Expert Interview Series: Sam McFarland of astronomer.io on Data Engineering
Sam McFarland is Head of Customer for Astronomer, a data engineering platform that collects, processes and unifies your enterprise data, so you can get straight to analytics, data science and—more importantly—insights.
We recently asked Sam for his insight data engineering. Here’s what he shared:
Tell us about the mission behind astronomer.io. How are you hoping to impact how brands manage data?
Data science, big data and enterprise SaaS are rising. This makes it increasingly difficult to get the data you need to implement new ideas.

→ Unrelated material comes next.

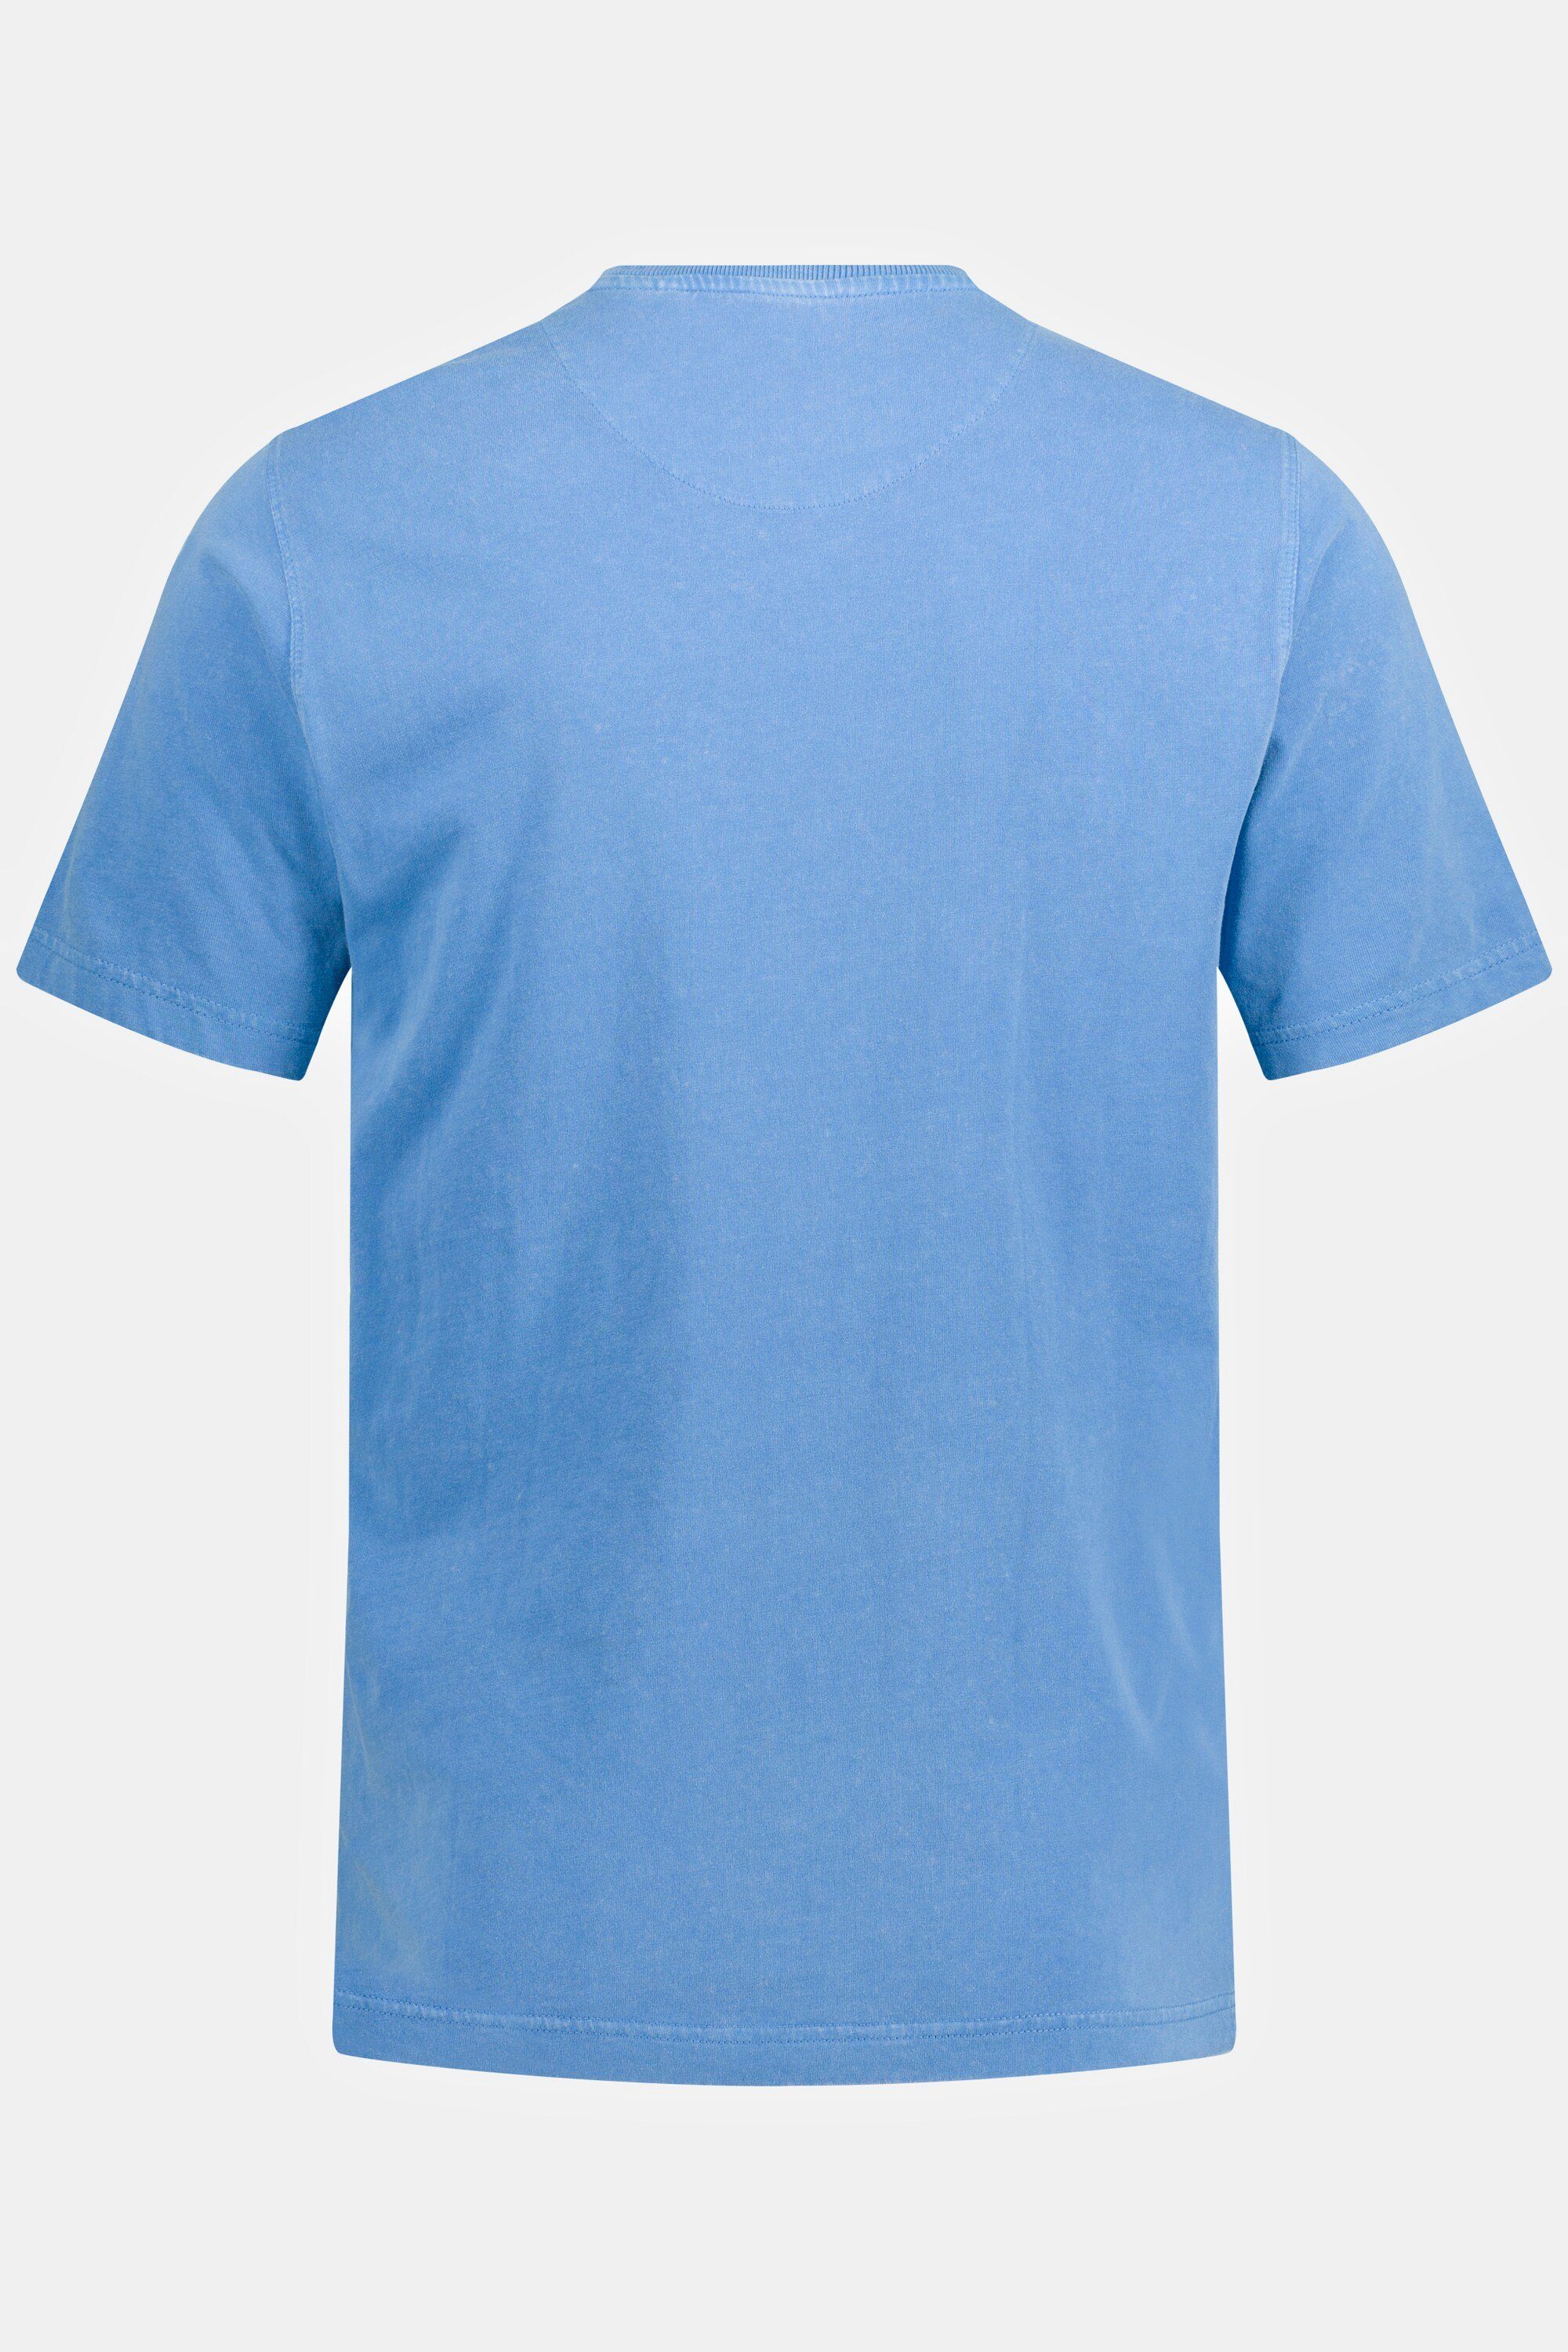 JP1880 T-Shirt Rundhals blau T-Shirt Brusttasche Halbarm

But struggling companies aren’t alone; only 4 percent of businesses know how to make the most of their data (Bain and Co.). Which means those who get ahead now will have a clear competitive advantage.
For companies to fully leverage the data to which they have access, it means many disjointed data sets must be cleaned, enriched, processed and transformed, so that it can be analyzed. All this prep, called data engineering, takes a lot of time. That’s where Astronomer comes in. We’re a data engineering platform that collects, processes and unifies enterprise data, so organizations can get straight to analytics, data science and—more importantly—insights.
What are some of the main challenges you are hoping to fix with your platform? What pain points are you hoping to solve?
The co-founders of Astronomer first worked together on an analytics tool called USERcycle. What they realized is that almost nobody had access to the data they needed. If they did, it needed to be cleaned, transformed or otherwise processed in order to be connected into one actionable body of information. The real pain point of analytics is getting the right data to the right place. By automating that, organizations are free to experiment with new technologies and implement the kind of data initiatives that will drive a competitive advantage. So we pivoted to Astronomer. By focusing on our expertise (data engineering), organizations can focus on theirs.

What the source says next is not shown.